WCT: What were the physical location timelines?
Robinson: WICCA and the Mountain Moving Coffeehouse were on Western. And then the coffeehouse moved to—
Munzer: Sheffield and Roscoe?
Robinson: Yeah. And then from Peaches on Sheffield to School Street [ a church ] .
WCT: So then it went from School to Rodgers Park?
Munzer: That's right. On Morse Street. And then it went to Ebenezer. Now, we should also put that we got kicked out of two coffeehouses. Two churches. We got kicked out of School Street, where we were for like 13 years, again because of homophobia. And I would say the same thing with Ebenezer.
Hoagland: I wouldn't say homophobia. Less homophobia than misogyny.
WCT: On School Street it was because the church changed what type of church it was?
Munzer: No, no. A new pastor came in. ... The church closed down because of her. ... It's a Spanish church now.
WCT: Who comes first to mind as your favorite artists?
Munzer: I'm not sure I want to say who my favorite is.
WCT: Well, maybe memorable would be? No?
Hoagland: I'll say Diedra [ McCalla ] . She, of all of them, has been the one there every year.
WCT: What is your first memory of womyn's music and how do you define it?
Hoagland: It's not just womyn's music, it's womyn's culture. Or lesbian's culture.
Robinson: It's kind of a separatism, to start with.
Hoagland: And we could get a certain sense of what that meant, which is getting together on our own.
Robinson. And coming out of WICCA, because WICCA, it was for abused women. It was kind of a place of safety. So safety was one of the big starting issues, and then being separately found—
Hoagland: So, there were comedians, there were comics, there were writers—
Hoagland: Theorists, discussions. I mean, when I would give a talk, the place was full, you know. I'd present a certain amount of Lesbian Ethics, some material I was working on, and there would be really neat discussions afterwards. There would be poetry readings, what were the women—
Munzer: They were called Women on the Couch.
Hoagland: WOC, so they were called Women on the Couch, yeah.
WCT: What Mountain Moving has evolved into is a lot of performance and music. So, really what it came from was politics and safe space and culture—all kind of culture.

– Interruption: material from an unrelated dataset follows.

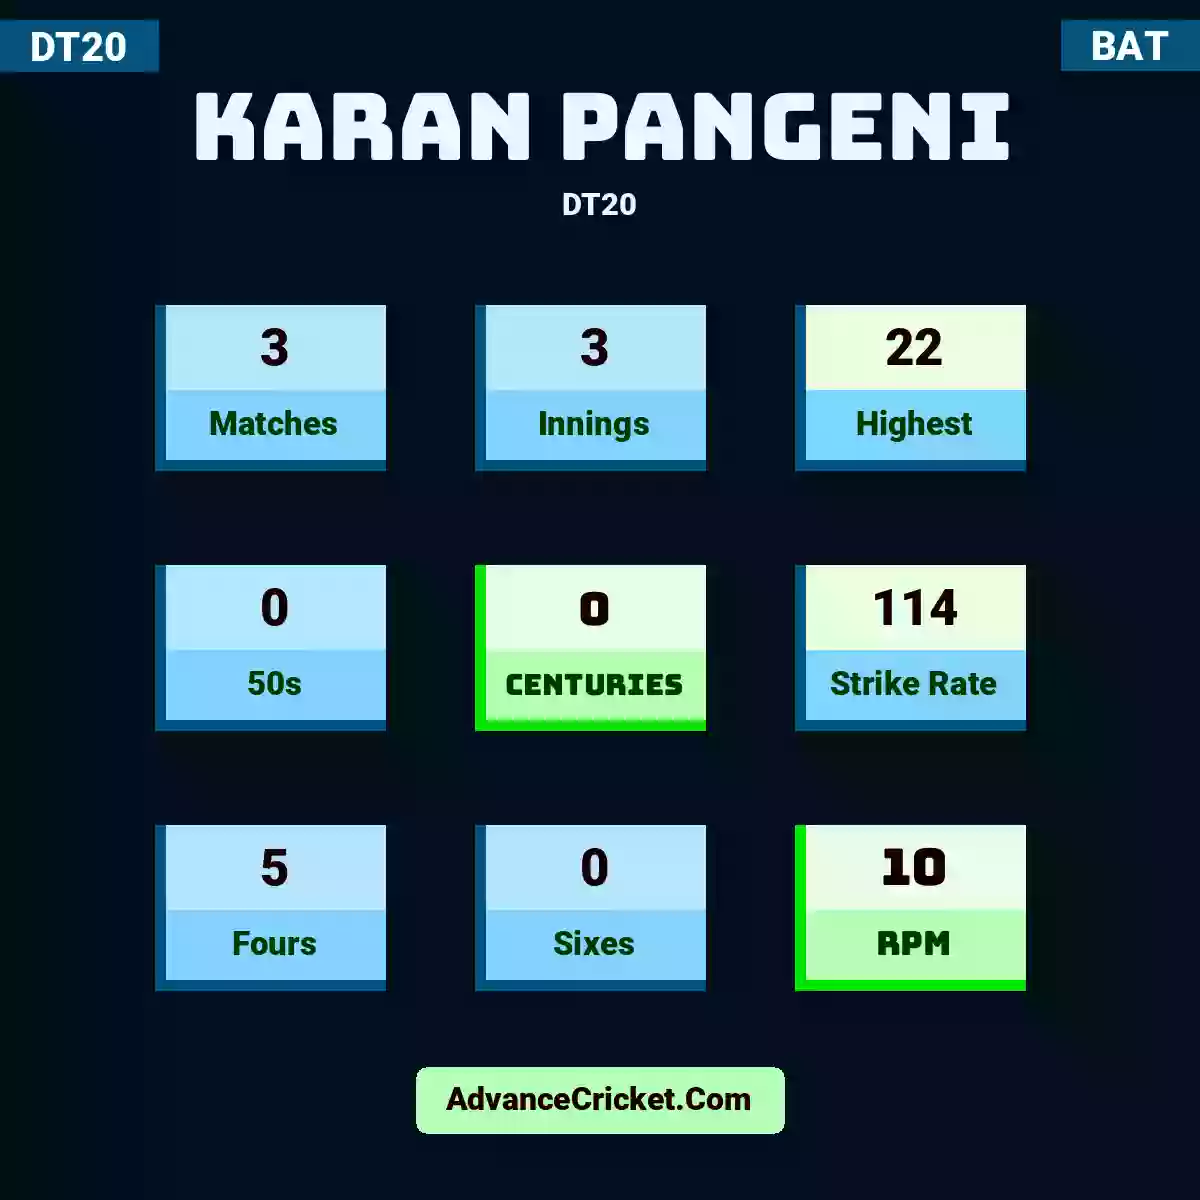 Karan Pangeni DT20 , Karan Pangeni played 3 matches, scored 22 runs as highest, 0 half-centuries, and 0 centuries, with a strike rate of 114. K.Pangeni hit 5 fours and 0 sixes, with an RPM of 10.

Hoagland: One thing I might say, and you all might disagree with me … but in the early days it was politics. The politics of what we were doing, which is not necessarily what everyone else was. Politics. And at some point, it really shifted to affirmation, I think. And that's sort of where some of the women come in, you know, to see what it is they saw 20 years ago. And with that, it's not affirmation for everyone. And politics is just—
Hoagland: It's all assimilationists. And we were never about that.
Faye: We were about finding each other.
WCT: So, do you think that's a natural evolution? And do you feel a sense of loss that it's not what it used to be?
Robinson: I do.
Hoagland: It's the whole Chicago community.
Robinson. Everything changed.
Munzer: It's not something we did wrong.
Robinson: You know, right now we're just … lesbians at a coffeehouse. No national, political campaigns.
Munzer: And now there's so many places for lesbians to go. You know, any place, every place. The coffeehouse was the only place besides the bars where lesbians had to meet.
Robinson: We were an alternative to the bars. This was an alcohol-free space.
Munzer: But, you know, for me, I went to the first Michigan [ Womyn's Festival ] . I wasn't even out. I was a feminist. And I went to the first Michigan, and I think that stayed with me. That feeling of celebration, creating something with other lesbians. ...But then I saw the coffeehouse, and I was like, 'Oh, OK, this is kind of like Michigan, this is in Chicago, and this is fun. This could be definitely fun to hang out with friends and make new friends and do something for the community.' That's what I've always felt, too.
WCT: What about you, Jackie? What do you think about the culture, the politics? You came in the late '80s, and there were still lots of workshops and things. So, what do you think of the change?
Anderson: I think the change is a change that's happening in the country. I think it's a change that every identity group relates to. I mean, I remember when I could have said the same thing about the African American community. … I think that it's an unfortunate inevitability. It's a loss. We're historically losing music festivals … but it also indicates that each generation has different concerns and issues and different struggles. And so I think that it's harder now. I think that each generation of lesbians are expressing themselves. And no, it isn't the way that I would express myself, but I'm not engaged in—that's a different context than my own. And there's also a difference that we never really speak of, since I've lived all over the city, there is a difference—a cultural difference—between the Southwest Side, South and West Side, and the North Side. And I live those differences, as well. So, the interesting thing is the South Side is a tad more political than the North Side because of people of color who are unable to assimilate anyway.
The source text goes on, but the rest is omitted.